Work request
Retype every line of the data below, starting with the first and ending with the line that contains "The Texas Legislature", but leave out the pictures.

Data below
· · ·

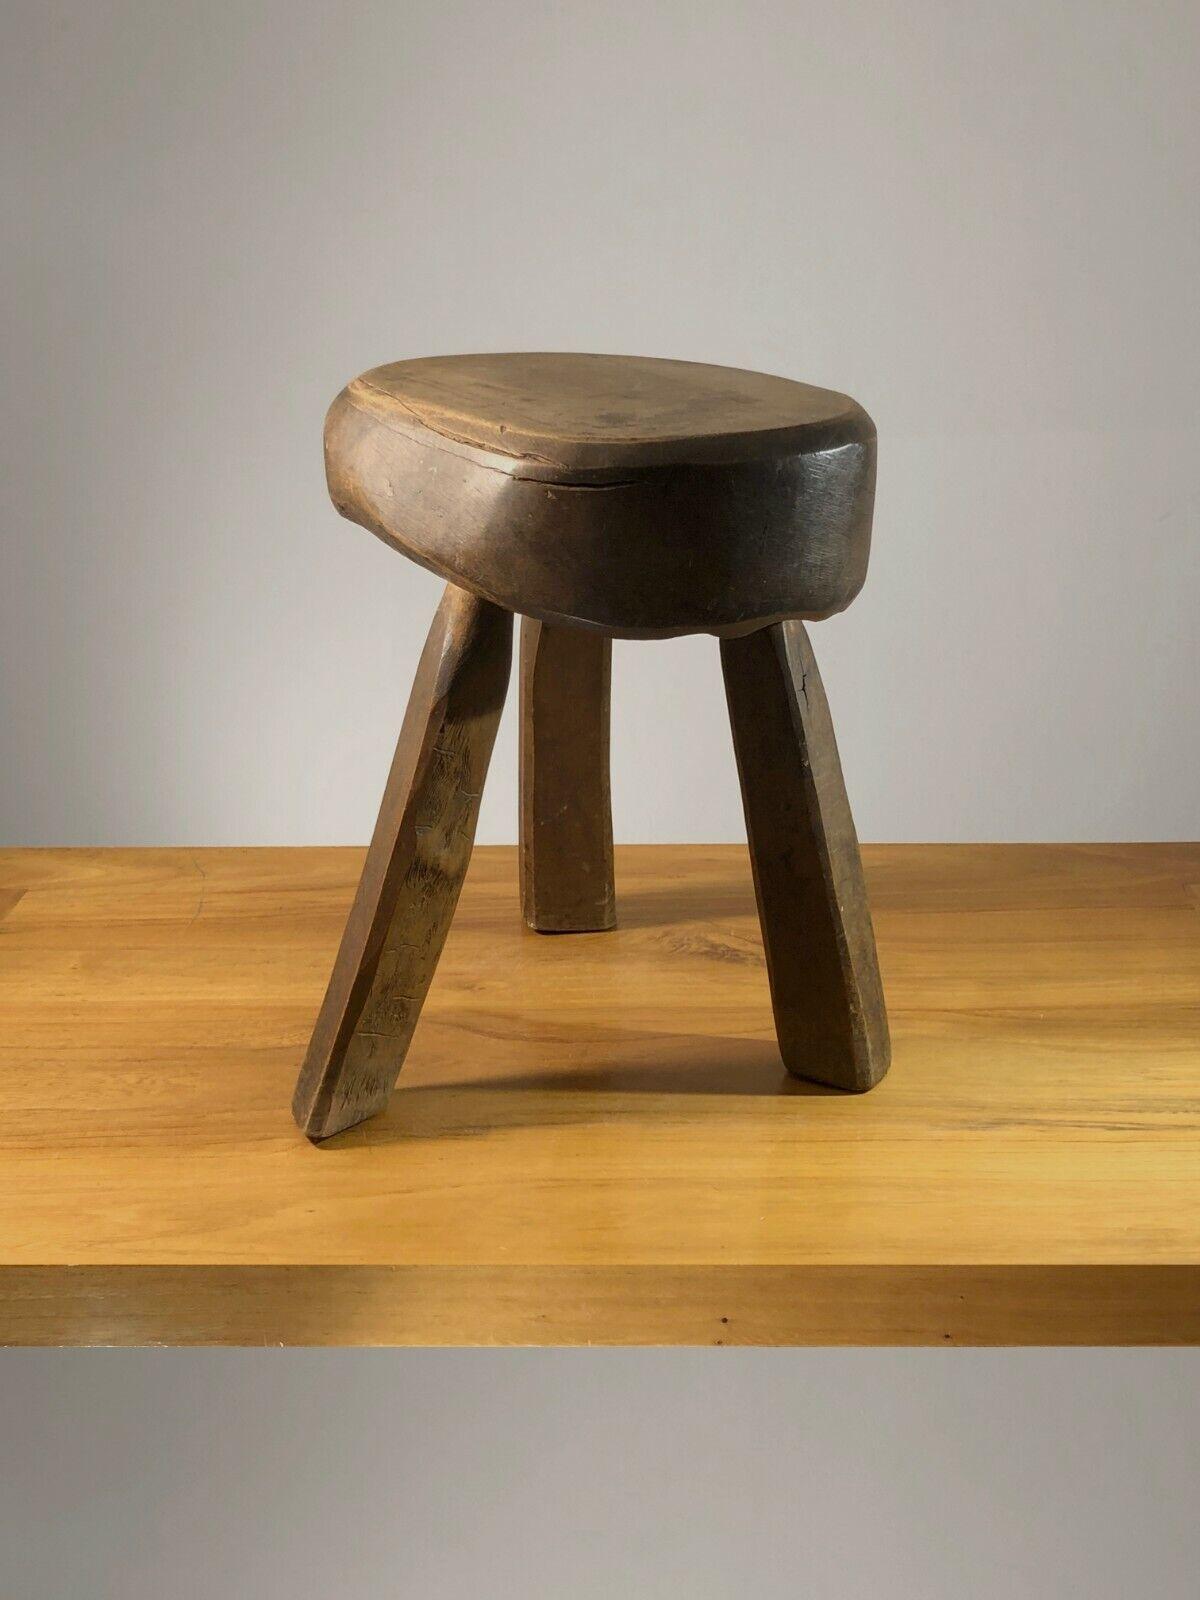 A BRUTALIST MID-CENTURY-MODERN RUSTIC STOOL, MAROLLES Style, France 1950 For Sale 2
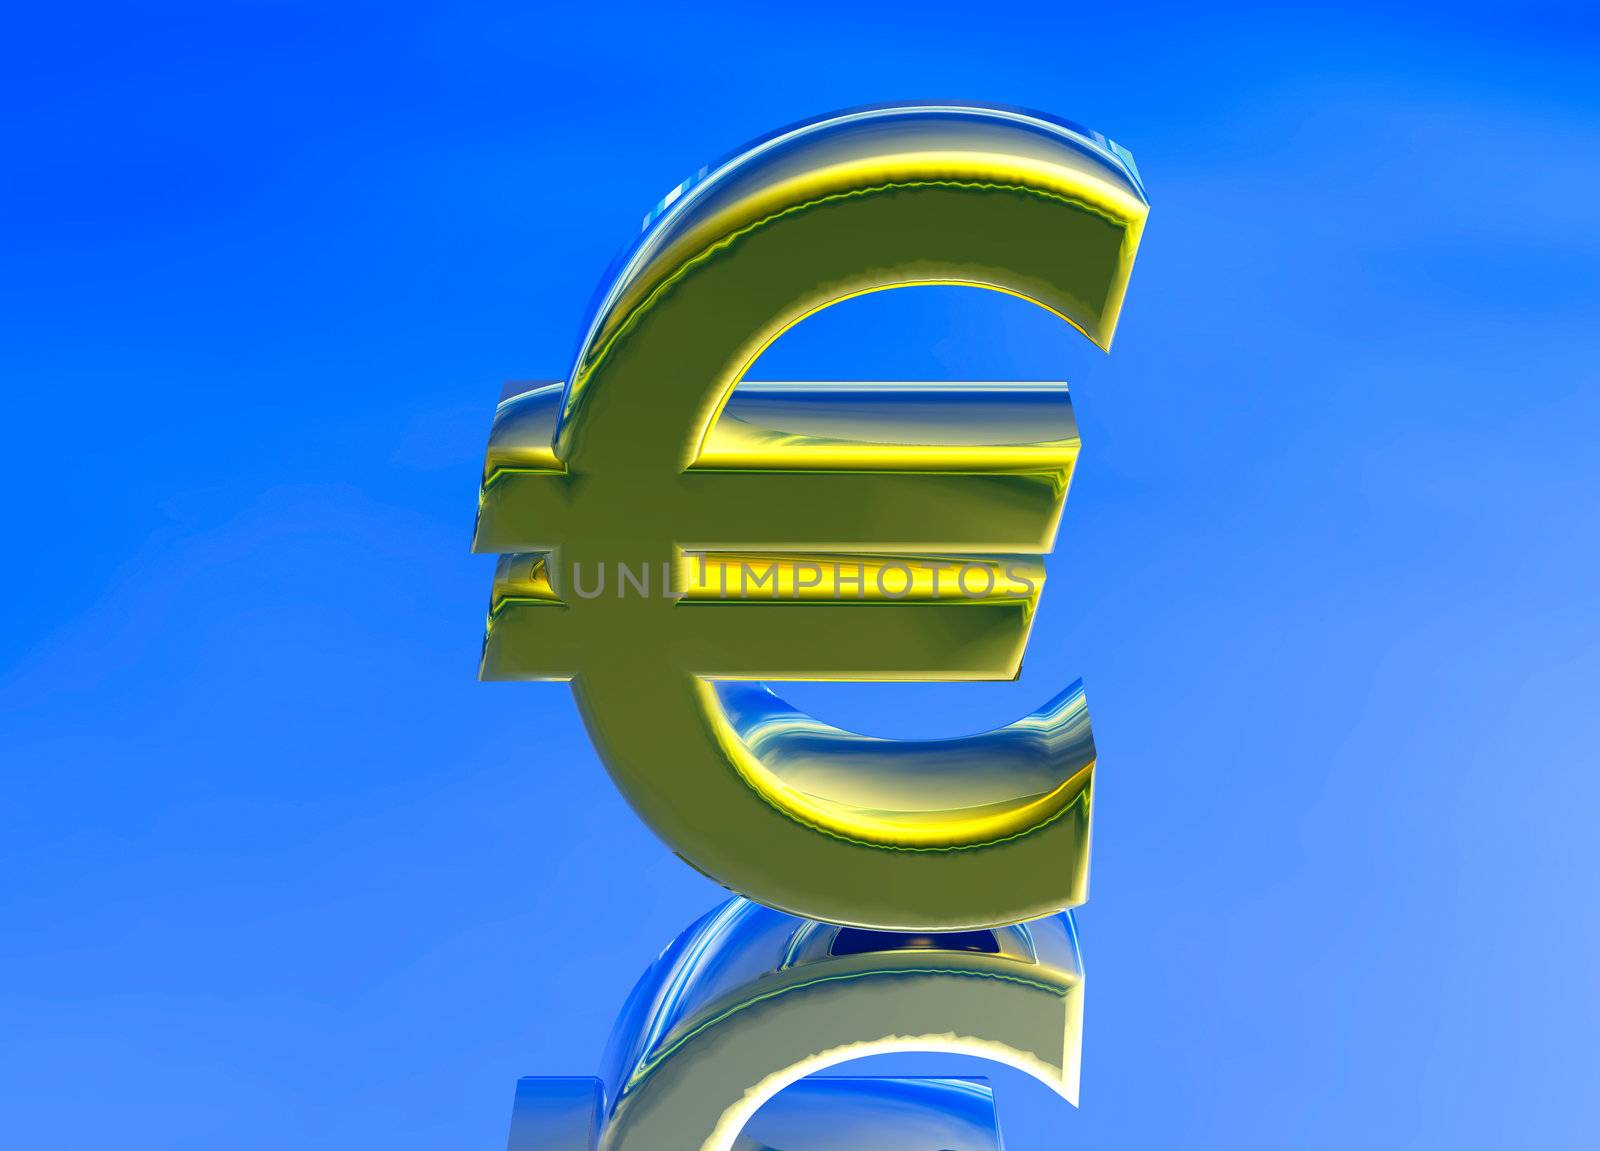 Gold EU Euro Currency Symbol on Blue Background
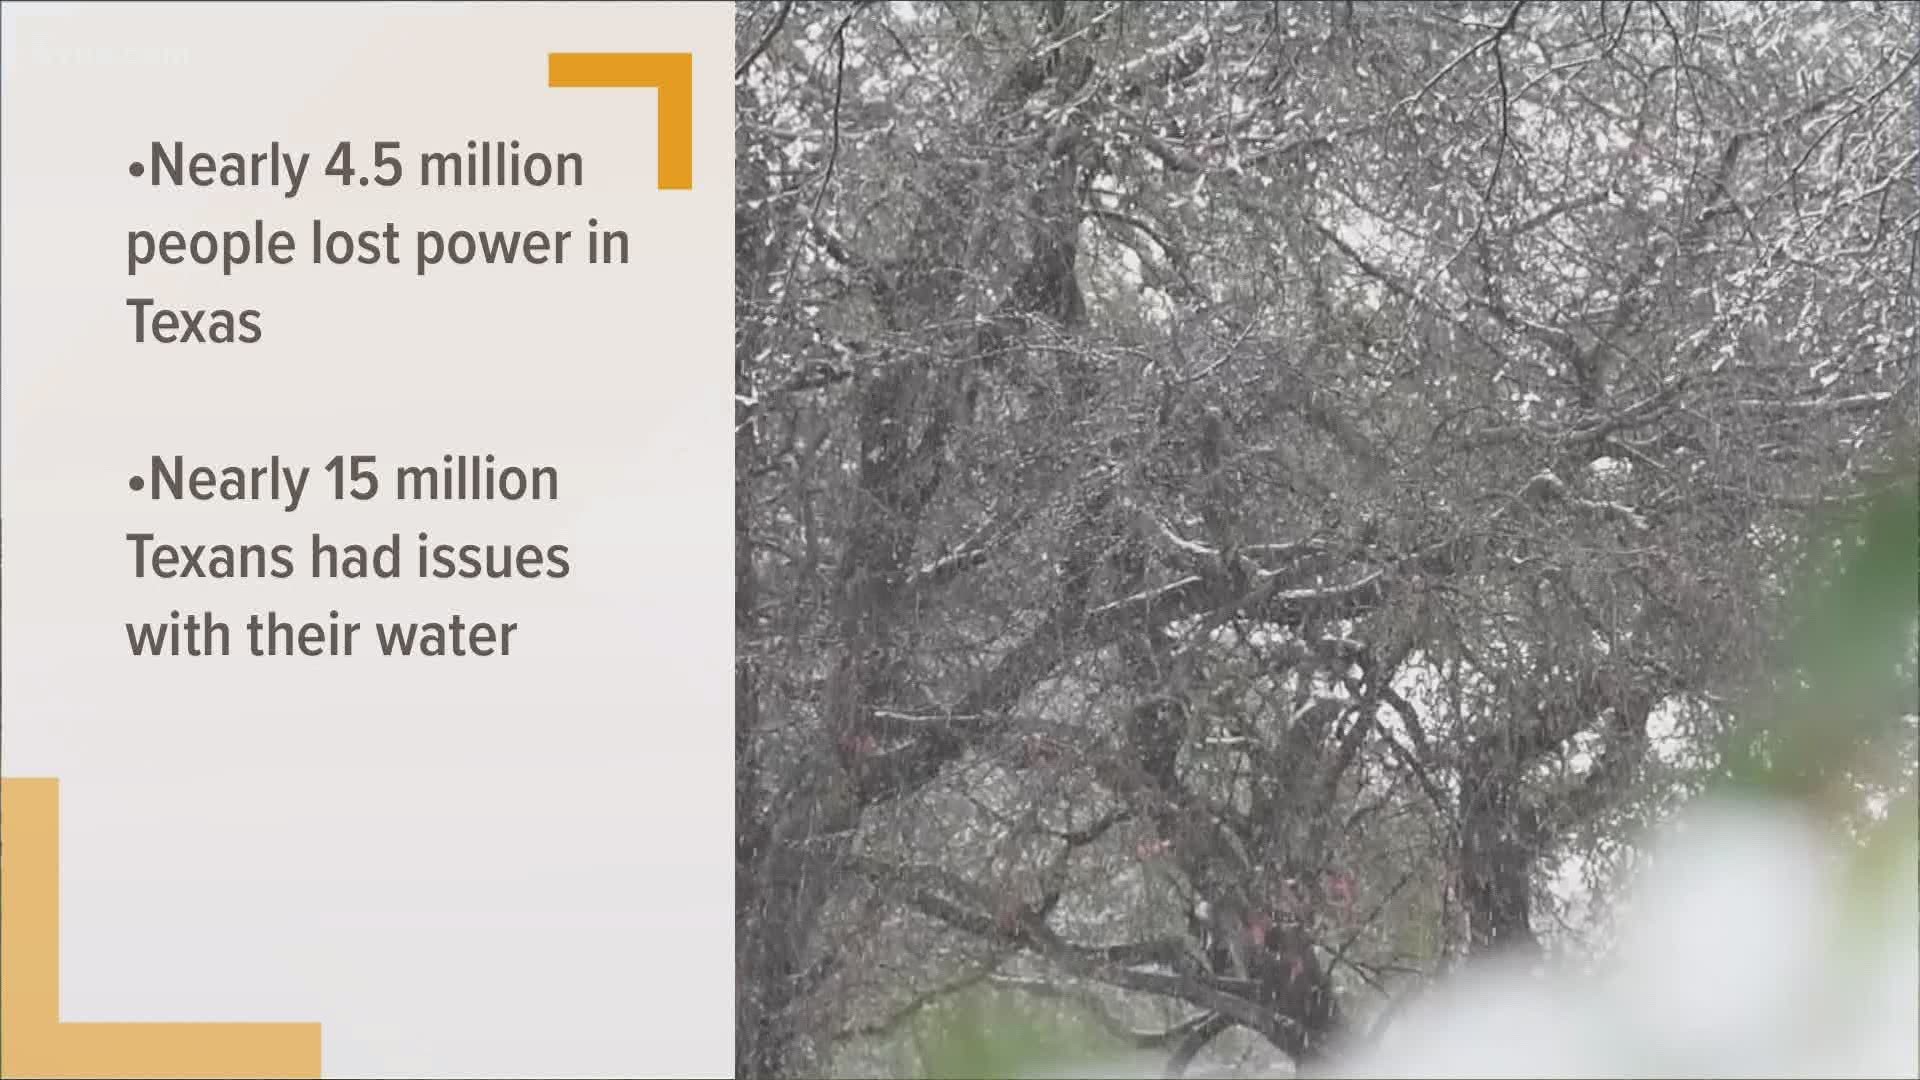 The Texas Legislature will begin hearings for the massive power outages that impacted millions of Texans during the winter storms.
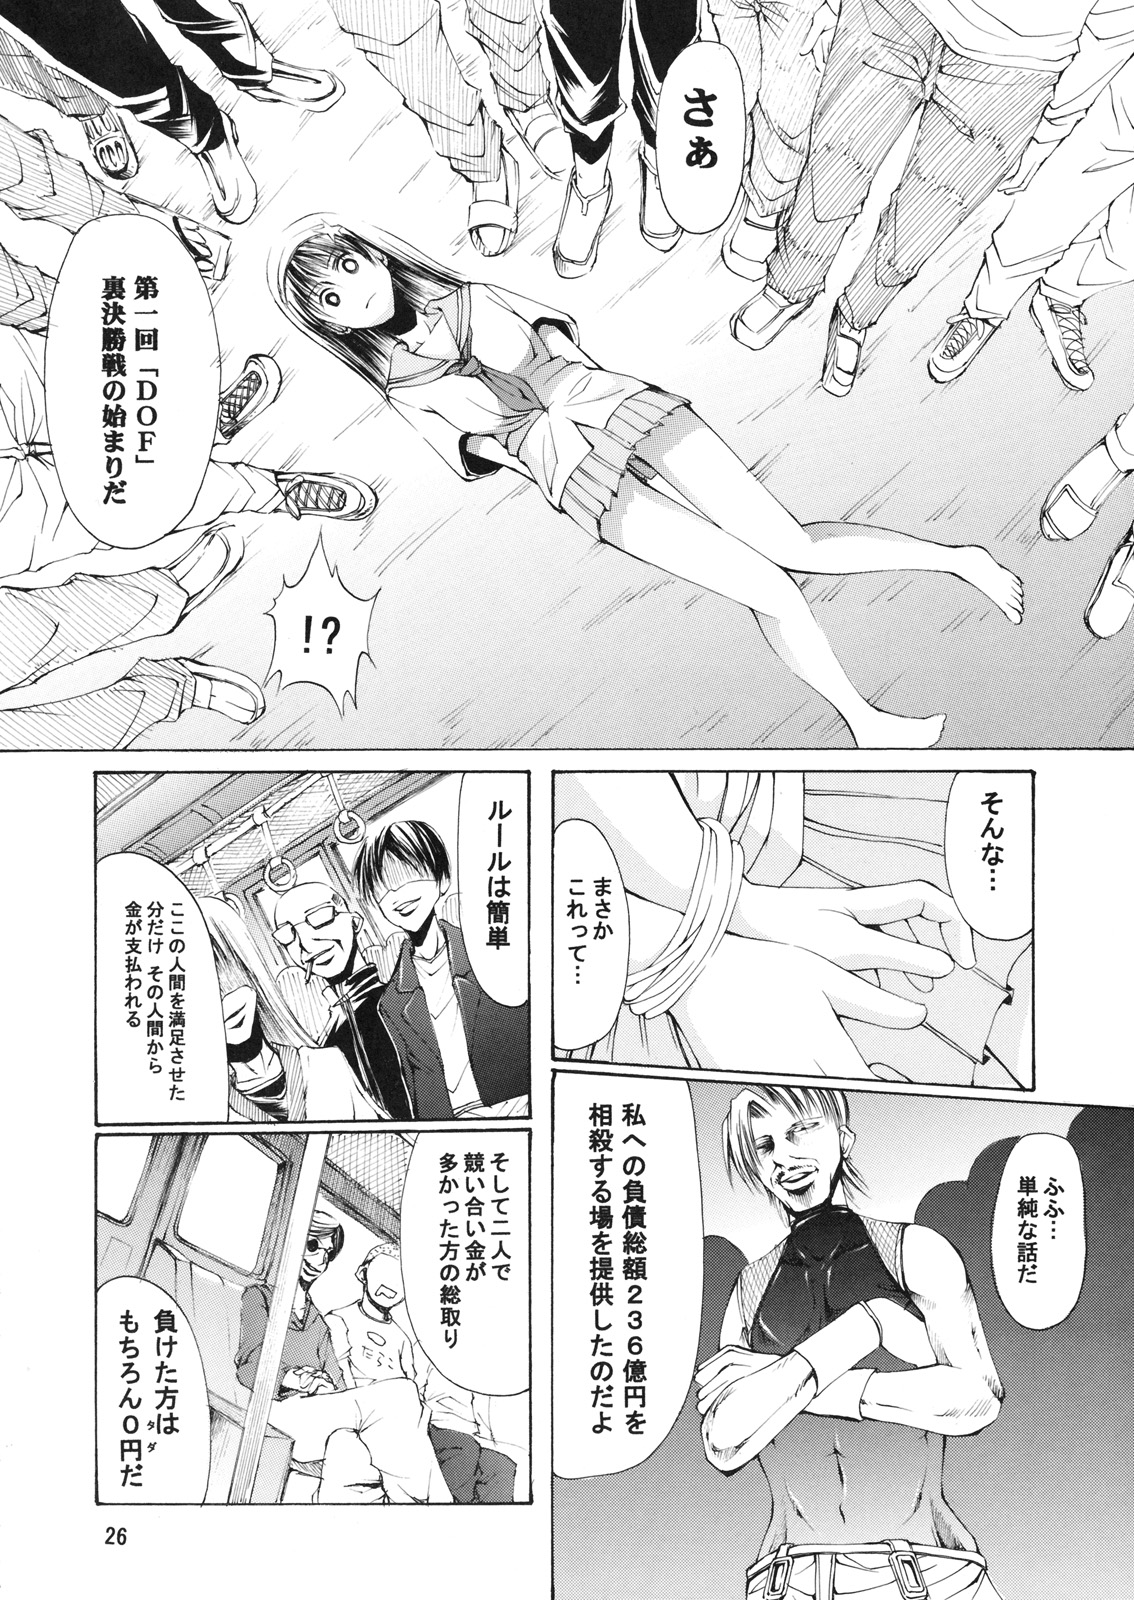 [3g (Junkie)] DOF Mai (King of Fighters) page 25 full

· · ·

Response
 A BRUTALIST MID-CENTURY-MODERN RUSTIC STOOL, MAROLLES Style, France 1950 For Sale 2
 Gold EU Euro Currency Symbol on Blue Background
 The Texas Legislature will begin hearings for the massive power outages that impacted millions of Texans during the winter storms.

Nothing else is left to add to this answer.